19 What are we going to do with these old tapes?: Creating the Woodward Chemistry Media Archive
Marcia L. Chapin, Chemistry & Chemical Biology, Harvard University, 12 Oxford St., Cambridge, MA 02138, Fax: 617-495-0788

Noted chemists have been presenting seminars at the Harvard Chemistry & Chemical Biology Department for many years. Beginning in the 1970's, these lectures were captured on various magnetic videotape formats and distributed throughout the Department. As the Department evolved, the natural repository for this material became the Chemistry & Chemical Biology Library. It was discovered that these magnetic formats were deteriorating substantially and a concerted effort was needed to preserve this material which was of current and historical interest. Digitization using DVD+R format provided the solution. This is the story of creating the Woodward Chemistry Media Archive, including; permissions, cataloging, technical aspects, and availability (all at a reasonable cost). May I view a lecture by R.B. Woodward? Sure!

20 Real enthusiast: Edgar Fahs Smith and the history of chemistry
Lynne Farrington, Rare Book & Manuscript Library, University of Pennsylvania Libraries, Van Pelt-Dietrich Library Center, 3420 Walnut Street, Philadelphia, PA 19104

This presentation highlights both the collection and the contributions of Edgar Fahs Smith (1854-1928), professor of chemistry and later provost of the University of Pennsylvania, to the history of chemistry in the United States. Smith, who originally collected historical works on chemistry both to inspire his students and to foster his own research in the field, was instrumental in founding the Division of the History of Chemistry while serving as president of the ACS in the early 1920s.

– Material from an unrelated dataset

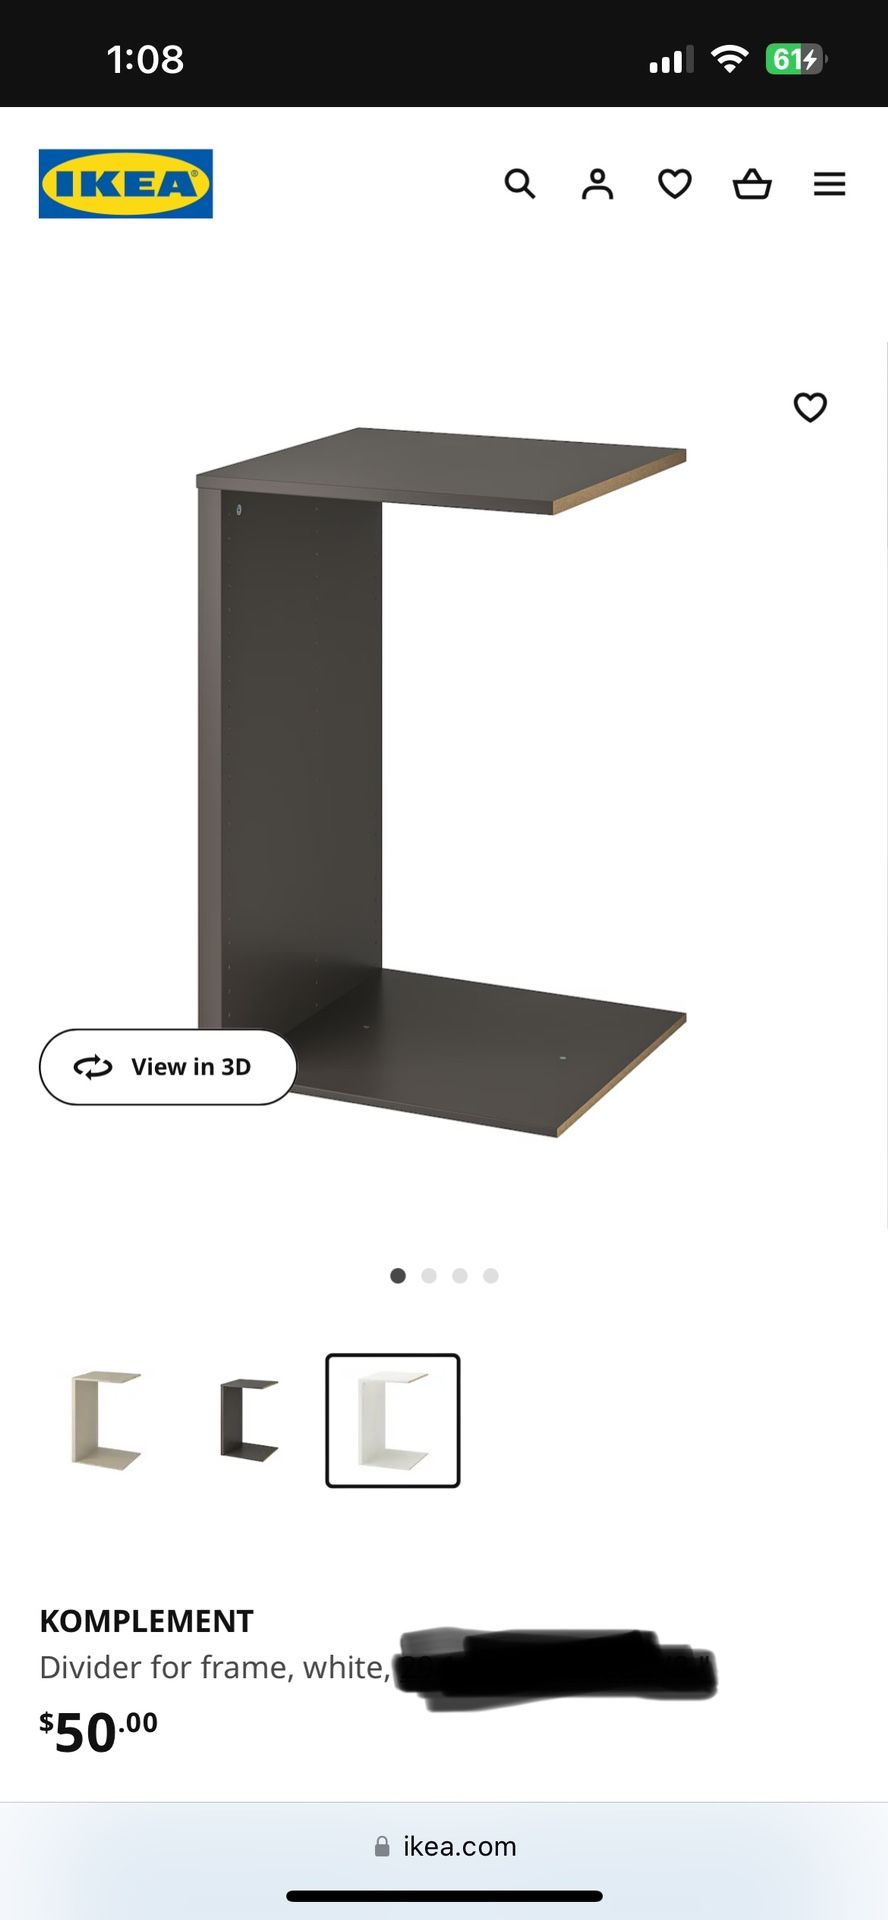 Ikea Pax Komplement Divider 39”x14”

21 Cheminformatics analysis of HIV-1 protease mutations
Gene M. Ko1, gko@rohan.sdsu.edu, A. Srinivas Reddy2, asvreddy@gmail.com, Sunil Kumar2, skumar@mail.sdsu.edu, and Rajni Garg1, rgarg@csusm.edu. (1) Computational Science Research Center, San Diego State University, 5500 Campanile Drive, San Diego, CA 92182-1245, (2) Electrical and Computer Engineering Department, San Diego State University, San Diego, CA 92182-1309

Mutations that arise in HIV-1 protease after exposure to various HIV-I protease inhibitors have proved to be a difficult aspect in the treatment of HIV. The crystal structures of 52 HIV-1 proteases complexed with FDA approved protease inhibitors from the Protein Data Bank (PDB) were studied. The information reported by the PDB for each crystal structure has been found to be error prone due to the nature of the PDB verification process. Incorrect structural classifications reported by the database may lead to potential structures being overlooked during the dataset collection process. The inconsistent mutation information also leads to incorrect data parameters in one’s own research. Each of the 52 structures was aligned against the wild-type HXB2 HIV-1 protease strain to create a baseline sequence from which mutations can be identified. The mutations were mapped according to their bound ligand in an attempt to analyze the mutations for each protease inhibitor.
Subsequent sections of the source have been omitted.